クロワデュノール(撮影:下野雄規) 今週の日曜日は、阪神競馬場で宝塚記念(GI・芝2200m)が行われます。
15年以降の阪神芝2200mで開催された宝塚記念(計10レース)では、前走の馬体重(前走が海外だった馬は除く)に顕著な傾向があります。データ対象の10レースでは前走の馬体重が498キロ以下だった馬が[7-5-8-78]に対し、500キロ以上の馬は[0-4-1-32]と苦戦しています。連対率や複勝率、さらには複勝の回収率も前走馬体重498キロ以下の方が高い数値となっています。
要因としては、データ対象の宝塚記念が阪神の内回りで開催されていることが考えられます。さらにGIで人馬ともにトップレベルが集まる一戦ですので、タイトな競馬になりやすい面もあります。
前走の馬体重が500キロ以上の大型馬は、タイトな競馬で窮屈な走りを余儀なくされる可能性があります。道中で気持ちよく走れないとストレスが溜まってしまいますし、それが力を出し切れていない馬が多くなっている要因のひとつなのかもしれません。
ここでは、上位人気が予想される馬の死角となりそうなデータをひとつ紹介します。
【条件】
前走馬体重510キロ以上(ただし、前走初角1番手の馬は除く)
[0-0-0-18]複勝率0%
該当馬:クロワデュノール、コスモキュランダ、シュガークン、ダノンデサイル
(過去の該当馬:22年エフフォーリア1番人気6着、17年キタサンブラック1番人気9着、15年ゴールドシップ1番人気15着)
※特に言及のない限り、データは15年以降の阪神芝2200mで開催された宝塚記念(計10レース)を対象にしています。
上位人気が予想されるクロワデュノールが該当しました。
15年以降の阪神芝2200mで開催された宝塚記念(計10レース)で、前走の馬体重が500キロ以上の馬が不振であることは先に書いた通りです。その中でも前走馬体重510キロ以上で前走初角2番手以下だった馬には好走例がありませんでした。このような馬は道中で揉まれる可能性が高いタイプと言えます。結果的に道中でストレスを抱えたり嫌気がさしてしまうことから、本来の力を出し切れずに負けてしまう馬が多いと考えられます。
該当馬に挙げたクロワデュノールの前走馬体重は514キロ。前走の初角は6番手となっていますので、データ対象の宝塚記念での傾向からは危険な人気馬と言えそうです。
また、今回の宝塚記念でクロワデュノールは3枠5番に入っています。内目の枠でも自身より内に先行勢がいれば隊列的にレースはしやすくなります。

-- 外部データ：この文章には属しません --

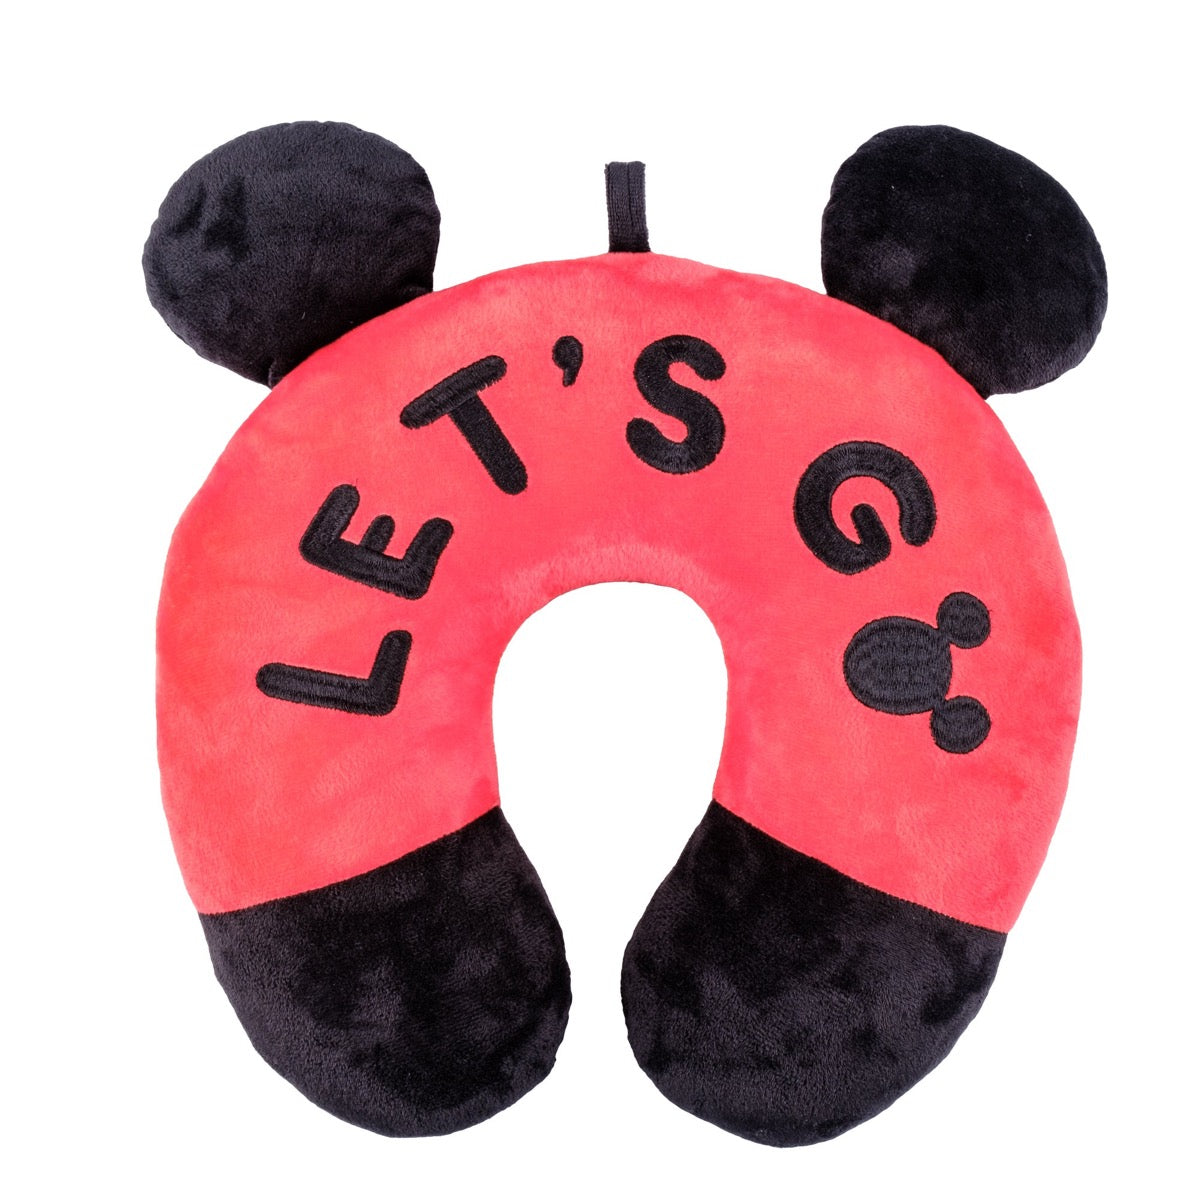 Disney Mickey Mouse let's go travel neck pillow red black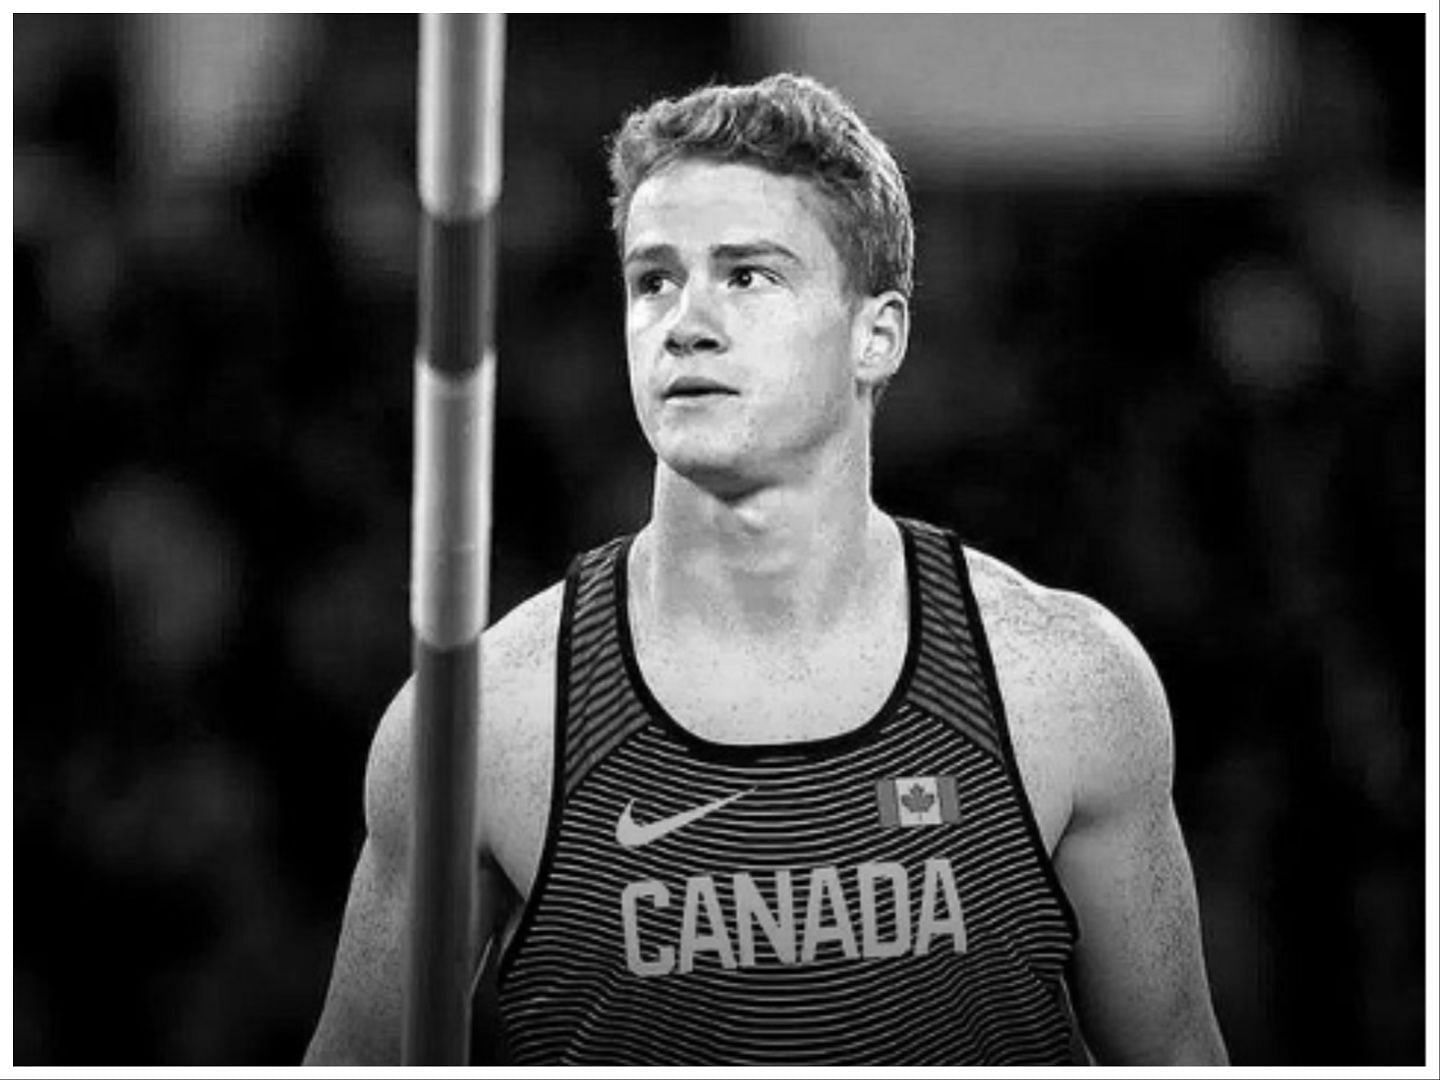 Shawn Barber passes away at age of 29 (Image via Instagram)

しかし、今回は外枠に前へ行きたいメイショウタバル、ミステリーウェイが入っています。スタートからこの2頭は仕掛けて内へ切り込んでくる可能性が高いことを考えると、クロワデュノールはかなりレースがしにくくなる印象を受けます。
この中間の報道を見ると状態面も万全ではなさそうです。悪い状態ではないとは思いますが、やはり短期間でGIに3戦続けて使われているのは馬にとって想像以上の負担になるのでしょう。
今回は過去の傾向や自身の状態面から人気ほどの信頼はできそうにありません。配当的にも妙味が感じられませんし、クロワデュノールの評価を割り引いた馬券で勝負するのが得策と言えそうです。
重賞レースの参考に、是非お役立てください。